Below, check out the artists and their work. The list does focus heavily on conservative painting, and notably leaves out Williamsburg and Bushwick, neighborhoods usually known as art destinations (of North Brooklyn, only Greenpoint was represented in the top 10). The selection does represent a nice view into local art-making, however.
Adrian Coleman
Fort Greene, painting
Coleman translates the paradox of the picturesque to the American urban setting. His paintings speak to the daily experiences of urban life.
Oliver Jeffers
Boerum Hill, painting, illustration, and drawing
Jeffers’s figurative paintings probe the gap between “logical thinking and emotional understanding,” meditating on the quality of memory. The use of color in this painting points to a certain deconstruction of nostalgia.
Naomi Safran-Hon
Prospect Heights, painting
Safran-Hon uses cement and lace to collage photographs she took of Haifa’s Wadi Salib neighborhood in her native Israel, visualizing the political partition of the land. Her dense pieces speak to the division of physical space by human abstractions like politics and ideology. Hyperallergic’s Jillian Steinhauer covered her work here.
Gabrielle Watson
Crown Heights, painting
Watson’s paintings make up a visual diary, uncovering the non-political African-American experience. She often creates portraits of friends and acquaintances, casting them in a bright, graphic painting style.
Yeon Ji Yoo
Red Hook, mixed media sculpture
Yoo’s organic sculptures spin fiber and plants into meditations on death, respiration, and decomposition. For GO Brooklyn, it looks like she’ll be showing more two-dimensional works that animate collaged surfaces with fiber and yarn.

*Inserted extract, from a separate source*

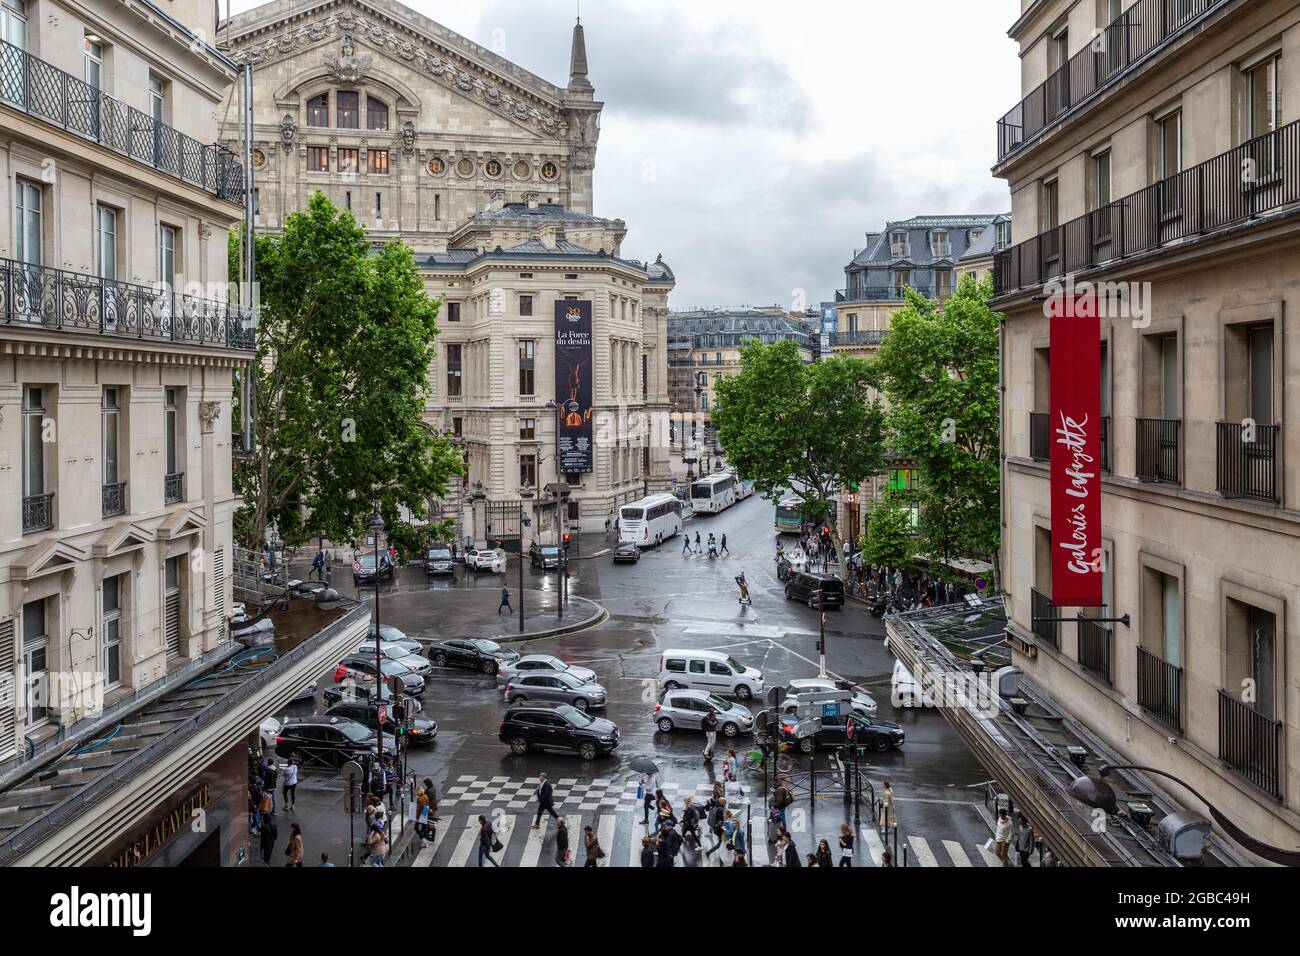 Das Opernhaus Garnier von der Fußgängerbrücke der Galerie Lafayette, rue de Mogador, Paris aus gesehen Stockfoto

Now that the winners have been chosen, I wonder what will become of the GO program. Could it be a biannual event for the museum, highlighting local artists? A more interesting possibility might be taking the GO model elsewhere, hosting open-studio events in international cities and bringing the winners back to Brooklyn to be introduced to a brand new audience. I’d love to see a GO: Tokyo or GO: Berlin!
The Brooklyn Museum’s exhibition, GO: a community-curated open studio project, opens on December 1 and runs through February 24.